Published online by Cambridge University Press:  27 March 2009

R. H. Phipps
Affiliation:
National Institute for Research in Dairying, Shinfield, Reading, RG2 9AT
R. F. Weller
Affiliation:
National Institute for Research in Dairying, Shinfield, Reading, RG2 9AT

Summary

Results from two trials, in which the effects of genotype, plant density and harvest date on the accumulation of dry matter and the chemical composition and nutritive value of plant components, are presented. Inra 200, LG11, Maris Saffron, Caldera 535, Anjou 210 and White Horse Tooth were established at 5·0, 9·8 and 13·5 plants/m2 in factorially designed experiments.

In vitro digestible organic matter in the dry matter, water-soluble carbohydrates, starch, total nitrogen, acid-detergent fibre, cellulose, lignin, phosphorus, magnesium, potassium, calcium, sodium, zinc, manganese and copper were analysed for the whole crop and plant components.

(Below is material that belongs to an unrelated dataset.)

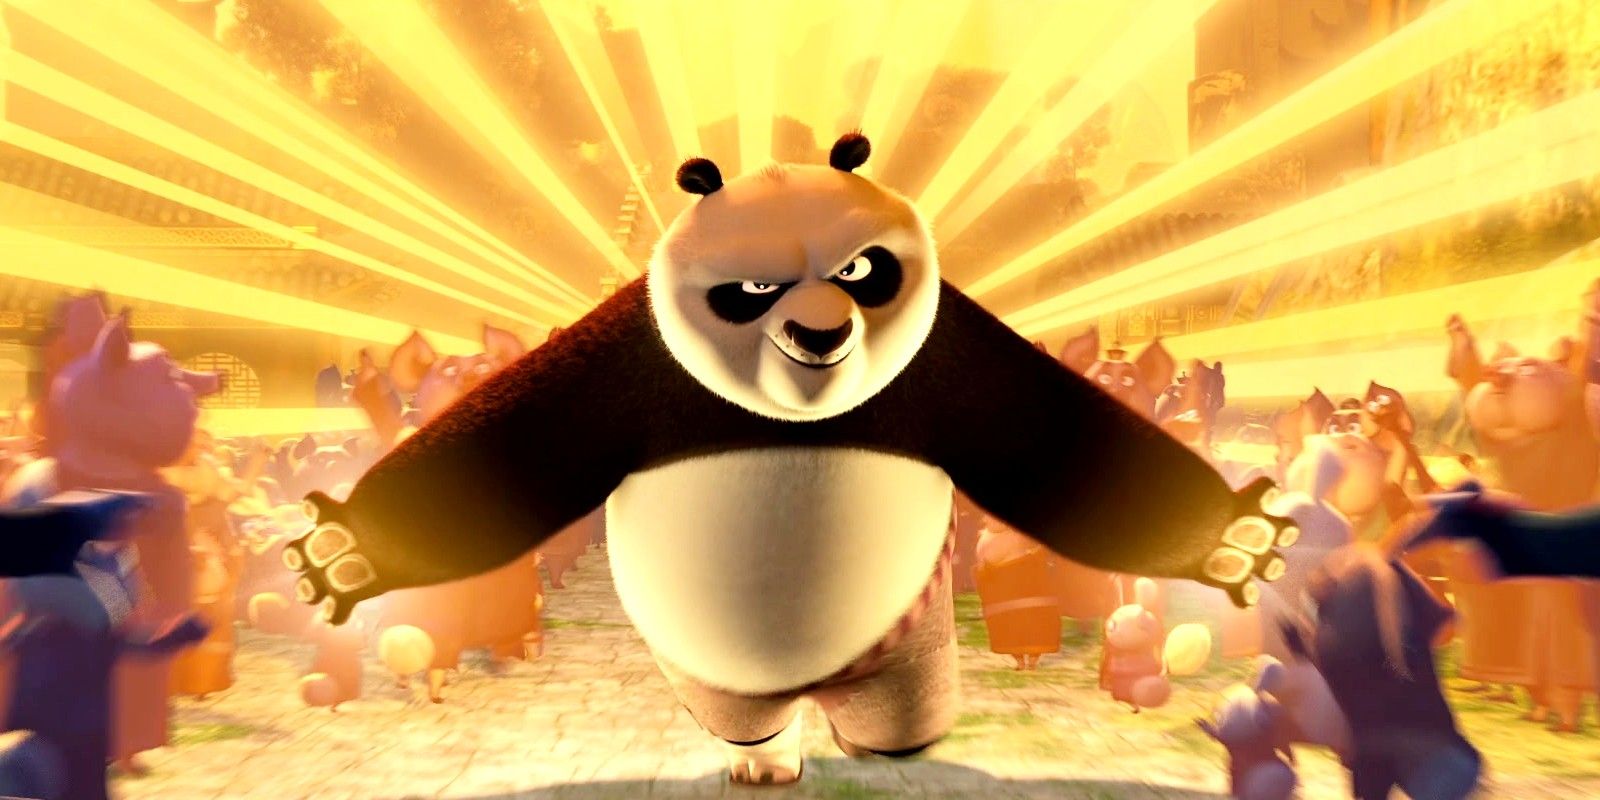 Po glowing with his powers in Kung Fu Panda 3

With the exception of White Horse Tooth, stem yields declined after reaching a peak 2–3 weeks after mid-silk. This was attributed to movement of water-soluble carbohydrates from the stem to the ear, with greater movement being associated with a larger ear component. As a result the in vitro digestible organic matter in the dry matter value of the stem component was greater for crops containing a small proportion of ear. The higher stem digestibility value compensated for the small ear component, with the result that the varying proportions of plant components did not markedly affect whole-crop digestibility prior to ensiling.

The greater deposition of starch in crops with a large ear component caused a significantly more rapid rise in whole-crop D.M. content than in crops with a small ear component.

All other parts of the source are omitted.